While not nearly as well-publicized as the bill’s bathroom-related portion, the “statewide consistency in regulation of employment and public accommodations” called for in its second part is even more insidious and less subtle in its discriminatory nature. While trans-individuals are still permitted to use single-occupant bathrooms in any setting (convicted pedophiles are still allowed in the multiple-occupancy ones, oddly), they and their LGBTQ+ peers are all vulnerable to the biases of their supervisors.

Such a change matters for both individuals and businesses. For instance, I consciously did not mention my Tinder preferences in the workplace during my internship this past summer, but I did so simply to avoid awkward conversations with my conservative-leaning colleagues, not out of fear for my job. My discretion was not truly necessary since my employer has a well-enforced nondiscrimination policy that encompasses sexual orientation and gender identity and expression. I was fortunate; countless other N.C. firms have no such rules, making it necessary for LGBTQ+ workers to depend on the government for protection from discrimination. Such rules, whether self-imposed or enforced by legislators, make sense; researchers at Forbes, McKinsey and Harvard Business School have found time and time again that a diverse workforce makes for a stronger, more profitable company. Considering how hard Republicans have worked to make North Carolina “business friendly” through tax cuts, you would think they would tolerate, if not outright encourage, more inclusive nondiscrimination ordinances. Sadly that is not the case.

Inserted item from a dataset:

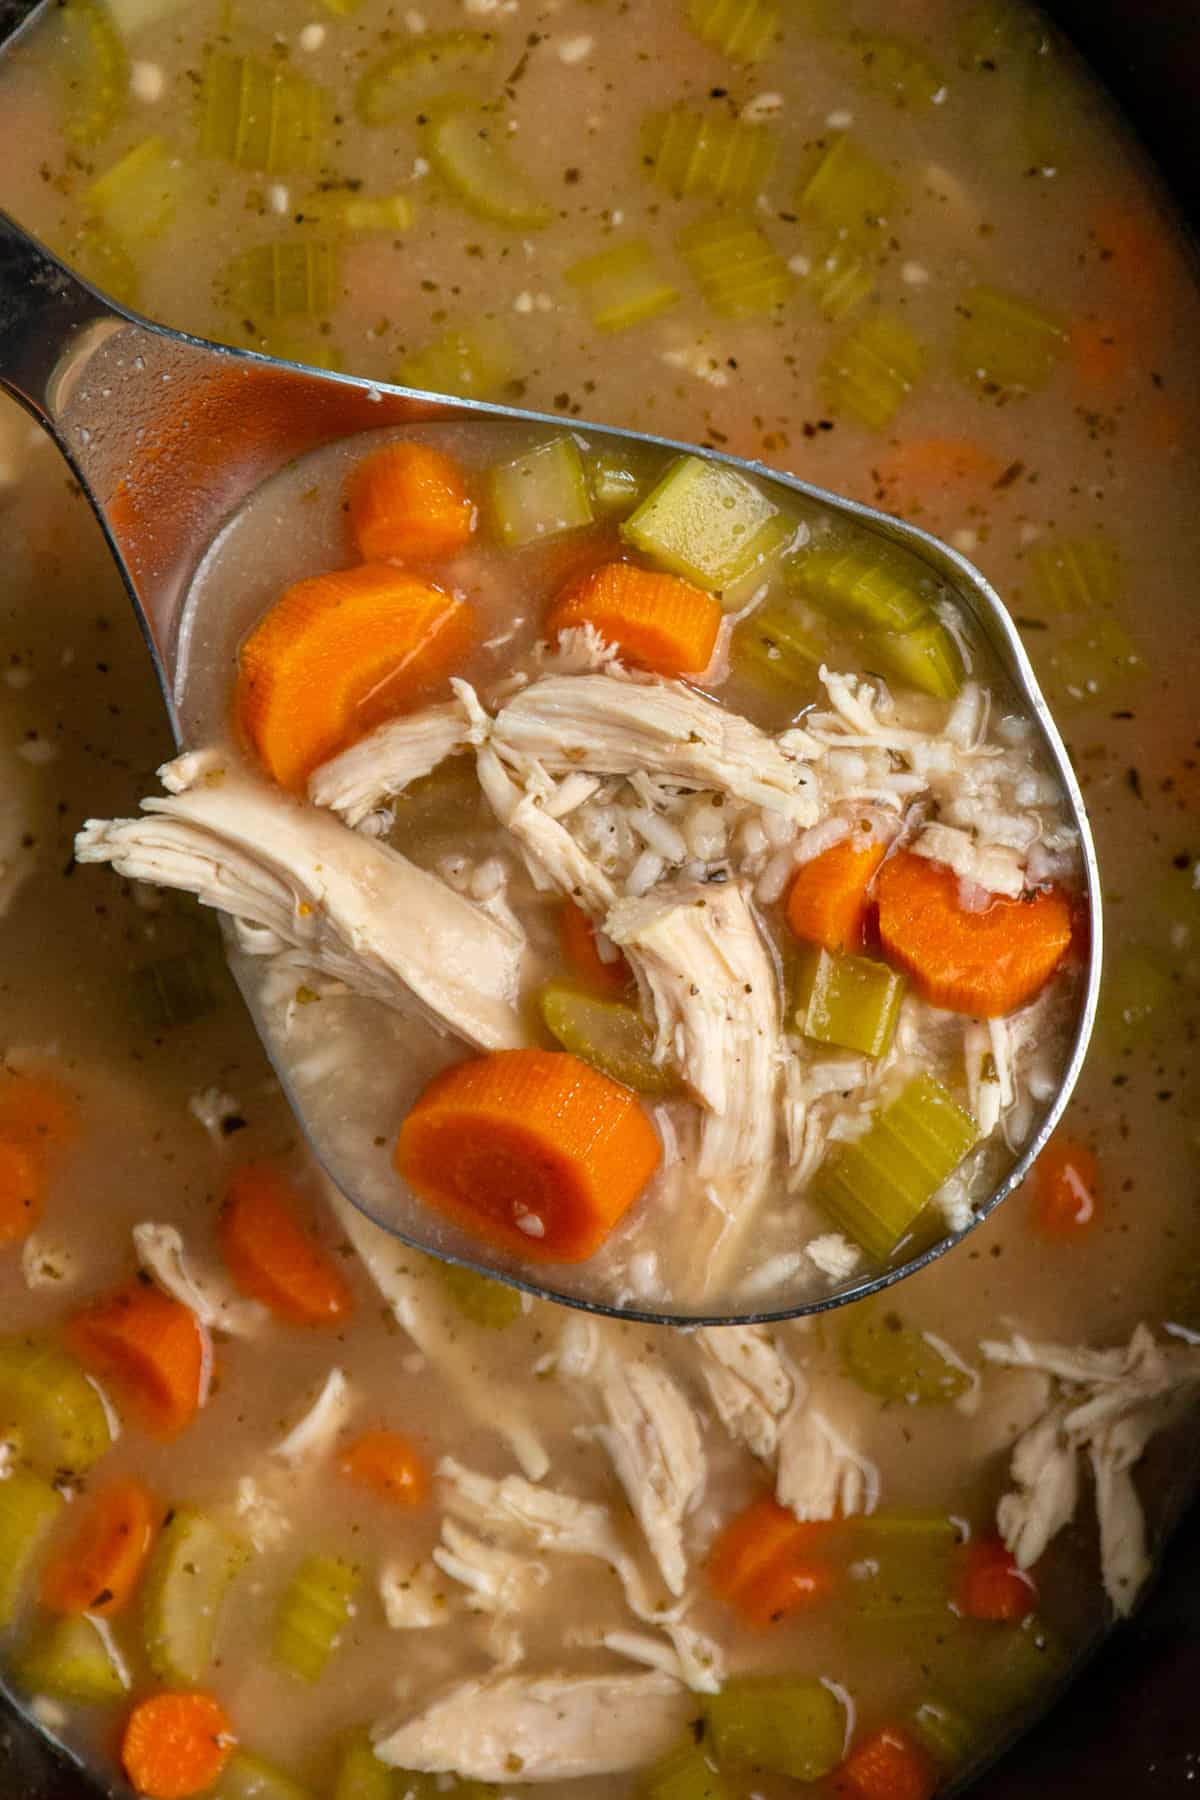 Overhead look at chicken and rice soup in a laddle over a slow cooker.

In addition to removing protections against queer North Carolinians, General Assembly members poured salt on their constituents' wounds by incorporating the “Wage and Hour Act” into the bill. This provision further supersedes local authority by forbidding municipality or county leaders from setting a minimum wage at the local level. In other words, companies can pay their employees as little as $7.25 an hour, the current N.C. wage floor, and an amount significantly below the MIT-recommended “living wage” of $10.53 per hour for a single adult not even accounting for the elevated cost of living in urban areas such as the Research Triangle or Charlotte. By pushing through this regressive labor policy despite evidence that North Carolinians actually desire an increased minimum wage, our statesmen and women make it clear that their agenda takes precedence over the will of those who elected them.

Like bootleggers out of the Appalachian Mountains, North Carolina Republicans and their “Democratic” allies—numerous non-GOP politicians approved the House bill—threw together a veritable cocktail brew of transphobia, homophobia and classism. Then, not content to share the hooch of outmoded conservatism only among themselves, they have also poured it down their constituents’ throats in hopes of them developing a tolerance for it. We can only hope this drunken political bacchanal ends with head-splitting hangovers and electoral upsets by leaders less predisposed to unmatched reactionism.

Tom Vosburgh is a Trinity senior and the Editorial Page Editor.